Relationship Between SVD And PCA
Imagine you have a dataset—maybe a table with different measurements like height and weight of people. Some of these measurements might be highly related (e.g., height and weight are often correlated). Instead of storing all this information separately, wouldn’t it be nice to find a smaller set of "essential features" that still capture most of the original information?
- PCA (Principal Component Analysis) is a way to find the most important patterns (directions of variance) in the data and represent it in a simpler form.
- SVD (Singular Value Decomposition) is a more general mathematical tool that breaks down any dataset into fundamental building blocks.
Interestingly, PCA is computed using SVD! That means SVD is the mathematical engine behind PCA.
How They Relate
-
SVD Breaks Down Any Matrix
- SVD is a universal technique that can decompose any matrix (dataset) into three parts: \(A = U \Sigma V^T\)

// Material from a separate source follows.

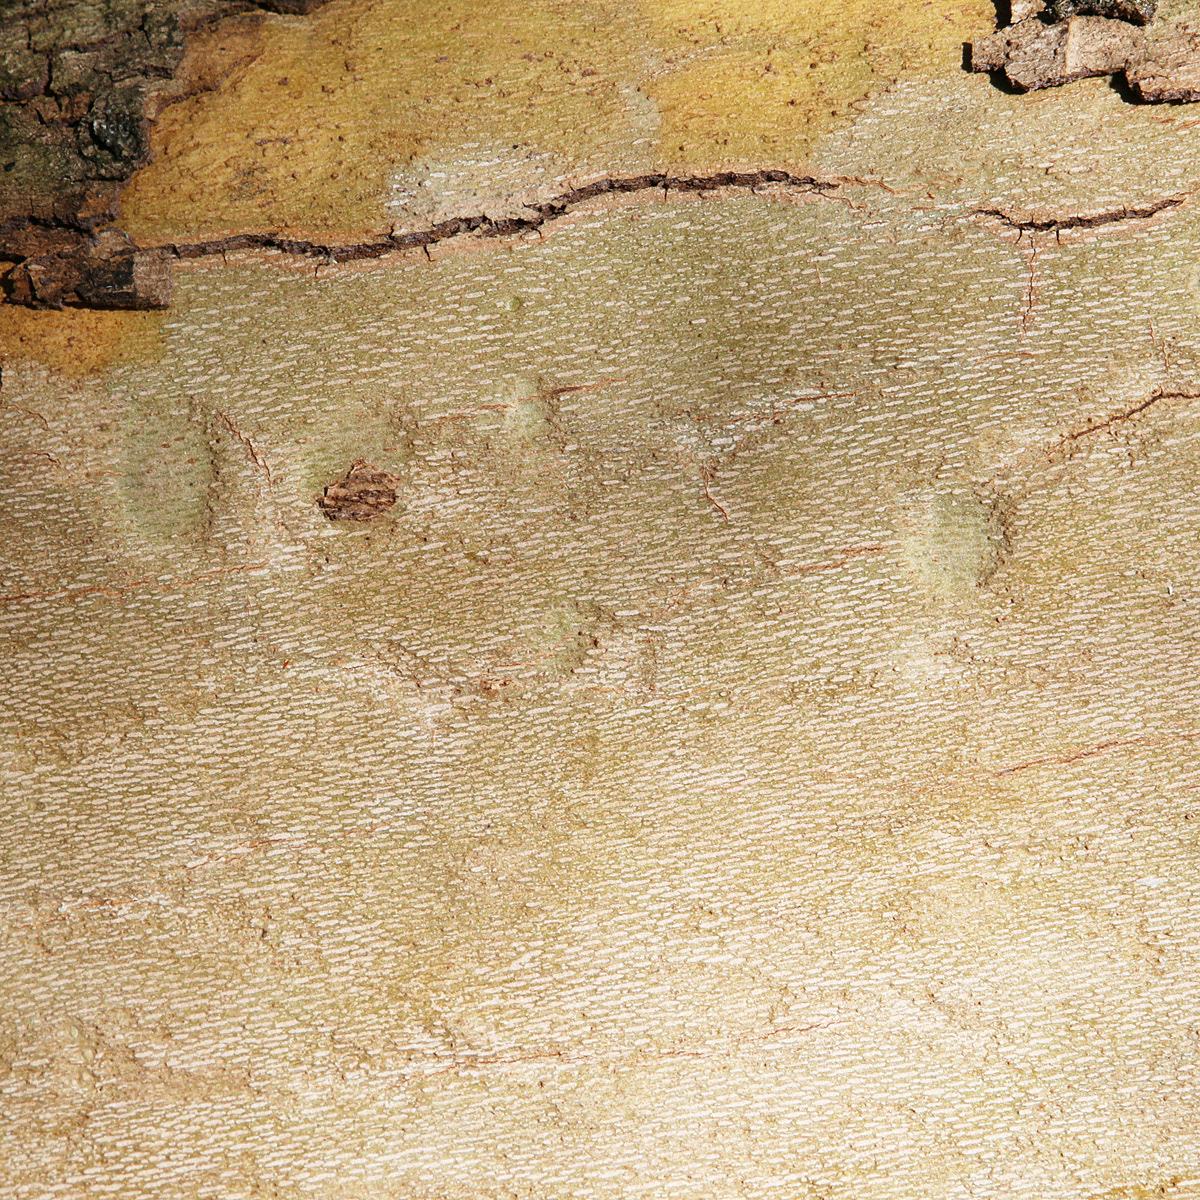 Landscape abstract desert Nature Aerial bark Tree  Volcanoe cave conceptual
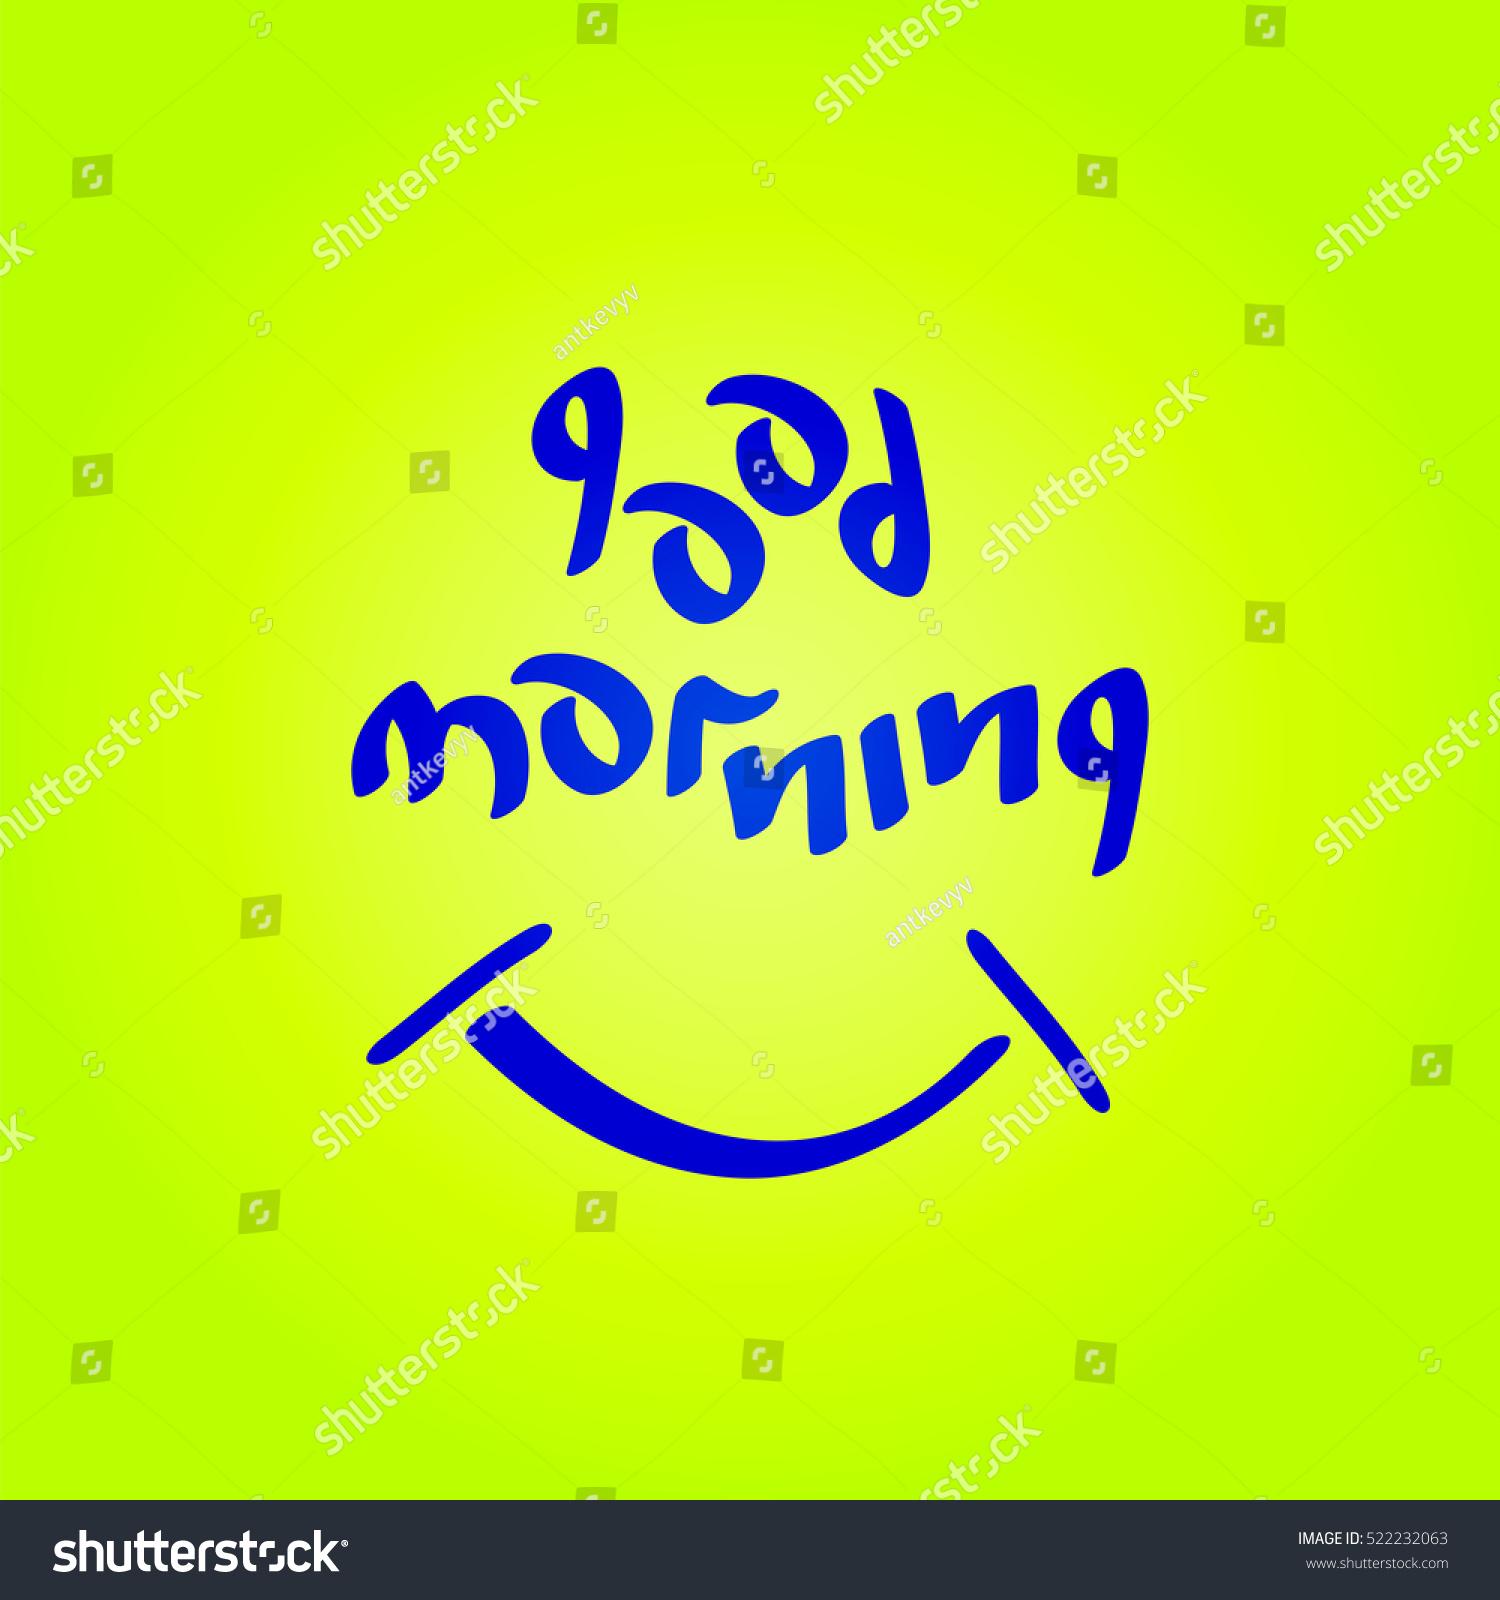 Good morning text smiling symbol fun stock vector 522232063 good morning text with smiling symbol fun positive mood vector illustration biocorpaavc Images

- It helps us understand the essential structure of data.
-
PCA Uses SVD to Find Principal Components
- PCA is specifically used for datasets where we want to find the most important directions (principal components) that explain the most variation in the data.
- Instead of working with the original data matrix A, PCA works with the covariance matrix \(A^T A\), which describes how different features relate to each other.
- Applying SVD on this covariance matrix gives us the principal components.
The Mathematical Connection
- Given a centered data matrix X(where the mean of each column is zero), PCA finds the eigenvectors of the covariance matrix \(X^T X\).
- However, instead of computing eigenvectors directly, we can use SVD on X: \(X= U \Sigma V^T\)
- The columns of V are the principal components (directions of highest variance).
- The singular values in \(Σ\) relate to how much variance each principal component explains.
Thus, PCA is just SVD applied to the dataset after centering it.
Summary
- SVD is the broader mathematical technique—it can be used for compression, solving equations, and more.
- PCA is a specific application of SVD, used to find the most important features (dimensions) in data.
- Instead of manually computing eigenvalues/eigenvectors, PCA is efficiently computed using SVD in modern algorithms.
Example: PCA and SVD in Action
Let’s take a simple 2D dataset (height and weight of 3 people) and see how PCA and SVD work together.
Step 1: Sample Dataset (Height & Weight)
\(X = \begin{bmatrix} 180 & 75 \\ 170 & 68 \\ 160 & 60 \end{bmatrix}\)
Each row is a person, and each column is a feature (height in cm, weight in kg).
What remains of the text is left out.